TEST_F(AGeoServer_ScaleTests, HandlesLargeNumbersOfUsers) {
    pool->start(4);
    const unsigned int lots{ 5000 };
    addUsersAt(lots, Location{ aUserLocation.go(TenMeters, West) });

    t = make_shared<thread>(
        [&] { server.usersInBox(aUser, Width, Height, &countingListener); });

    countingListener.waitForCountAndFailOnTimeout(lots);
}

ThreadPool.h

class ThreadPool {
public:
    virtual ~ThreadPool() {
        stop();
    }

    void stop() {
        done_ = true;
        for (auto& thread : threads_) thread.join();
    }

    void start(unsigned int numberOfThreads = 1) {
        for (unsigned int i{ 0u }; i < numberOfThreads; i++)
            threads_.push_back(std::thread(&ThreadPool::worker, this));
    }

    bool hasWork() {
        std::lock_guard<std::mutex> block(mutex_);
        return !workQueue_.empty();
    }

    virtual void add(Work work) {
        std::lock_guard<std::mutex> block(mutex_);
        workQueue_.push_front(work);
    }

    Work pullWork() {
        std::lock_guard<std::mutex> block(mutex_);

        if (workQueue_.empty()) return Work{};

        auto work = workQueue_.back();
        workQueue_.pop_back();
        return work;
    }

private:
    void worker() {
        while (!done_) {
            while (!done_ && !hasWork())
                ;
            if (done_) break;
            pullWork().execute();
        }
    }

    std::atomic<bool> done_{ false };
    std::deque<Work> workQueue_;
    std::shared_ptr<std::thread> workThread_;
    std::mutex mutex_;
    std::vector<std::thread> threads_;
};

GeoServer.cpp

void GeoServer::track(const string& user) {
    locations_[user] = Location();
}

void GeoServer::stopTracking(const string& user) {
    locations_.erase(user);
}

bool GeoServer::isTracking(const string& user) const {
    return find(user) != locations_.end();
}

void GeoServer::updateLocation(const string& user, const Location& location) {
    locations_[user] = location;
}

Location GeoServer::locationOf(const string& user) const {
    if (!isTracking(user)) return Location{}; // TODO performance cost?

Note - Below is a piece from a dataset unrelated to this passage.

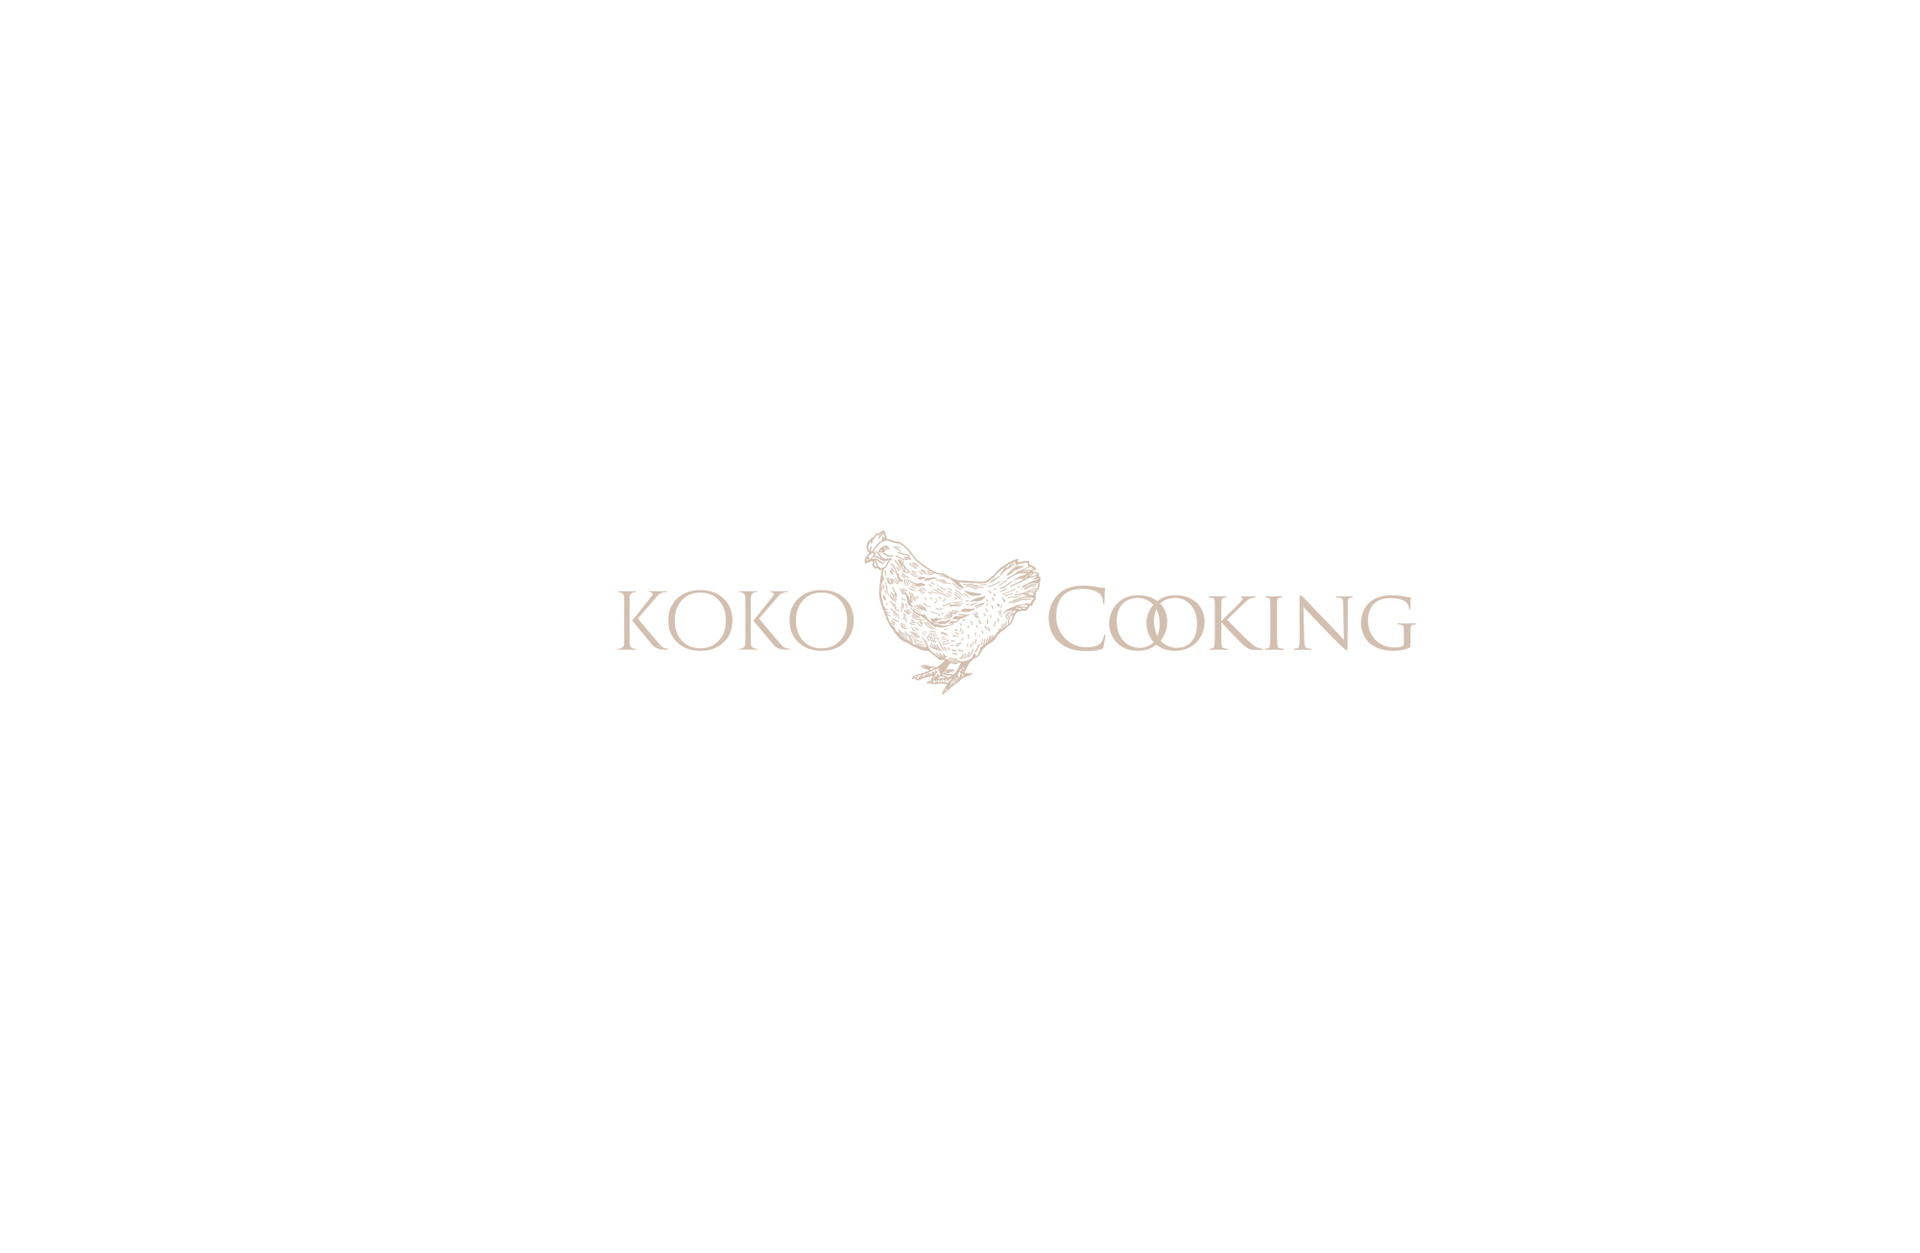 Koko Cooking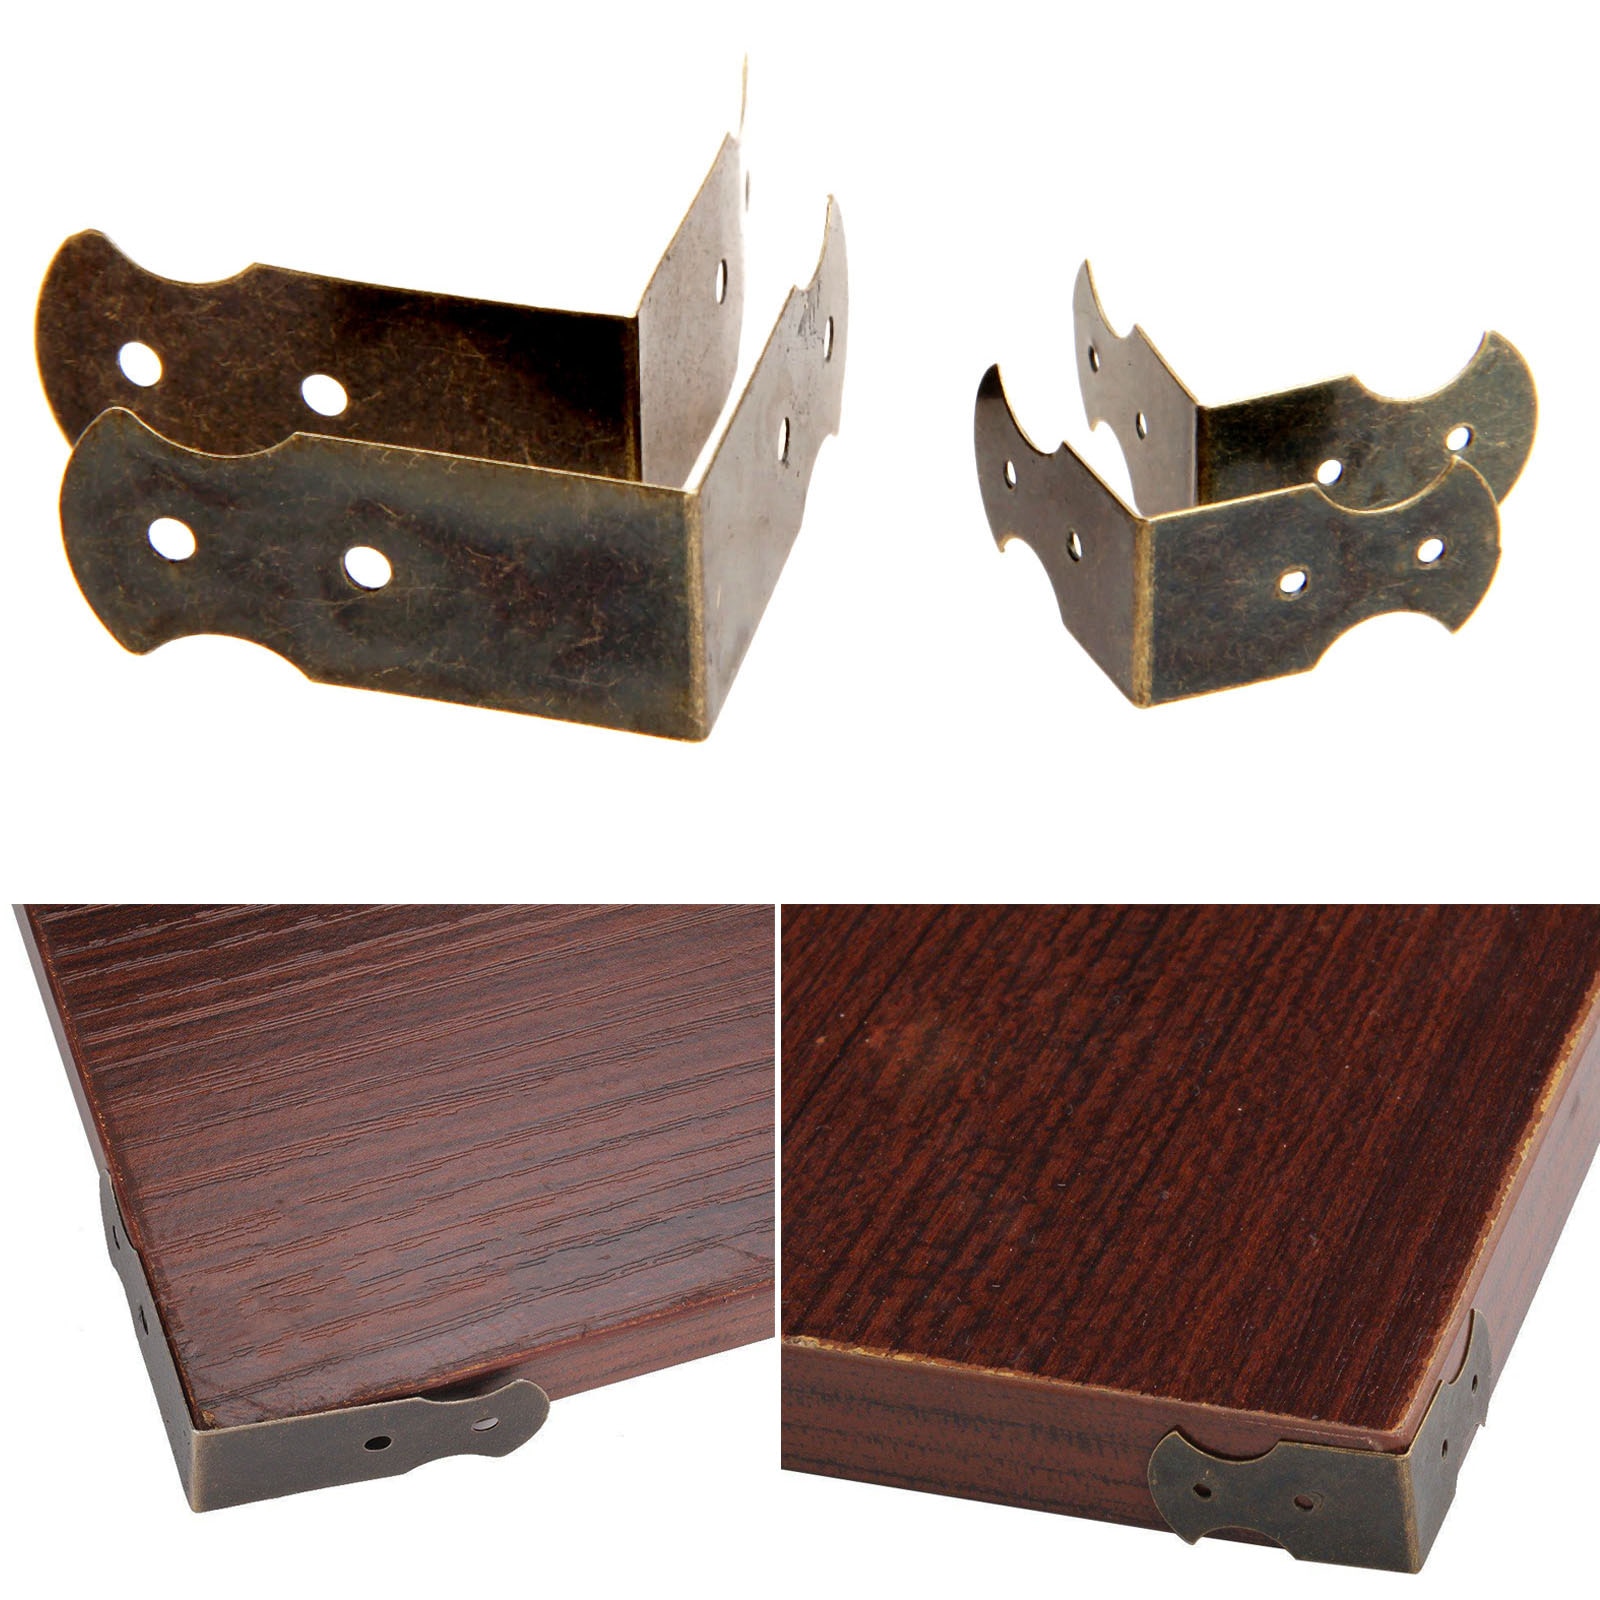 4 Stuks Antieke Bronzen Bagage Case Box Hoek Beugels Decoratieve Meubels Houten Case Voeten Been Hoek Protector

    return find(user)->second;
}

std::unordered_map<std::string, Location>::const_iterator
GeoServer::find(const std::string& user) const {
    return locations_.find(user);
}

bool GeoServer::isDifferentUserInBounds(
    const pair<string, Location>& each,
    const string& user,
    const Area& box) const {
    if (each.first == user) return false;
    return box.inBounds(each.second);
}

void GeoServer::usersInBox(
    const string& user, double widthInMeters, double heightInMeters,
    GeoServerListener* listener) const {
    auto location = locations_.find(user)->second;
    Area box{ location, widthInMeters, heightInMeters };

    for (auto& each : locations_) {
        Work work{ [&] {
           if (isDifferentUserInBounds(each, user, box))
              listener->updated(User{each.first, each.second});
        } };
        pool_->add(work);
    }
}

让我们看一下这段代码:

void GeoServer::usersInBox(
    const string& user, double widthInMeters, double heightInMeters, // #4
    GeoServerListener* listener) const { // #5
    auto location = locations_.find(user)->second;
    Area box{ location, widthInMeters, heightInMeters }; // #3

    for (auto& each : locations_) {
        Work work{ [&] { // #1
           if (isDifferentUserInBounds(each, user, box))
              listener->updated(User{each.first, each.second});
        } };
        pool_->add(work); // #2
    }
}

第 1 行创建一个工作项。这项工作是一个具有通用引用捕获的 lambda 函数(如有必要,请查找)。 lambda 函数从外部作用域引用了四个东西:eachuserboxlistener.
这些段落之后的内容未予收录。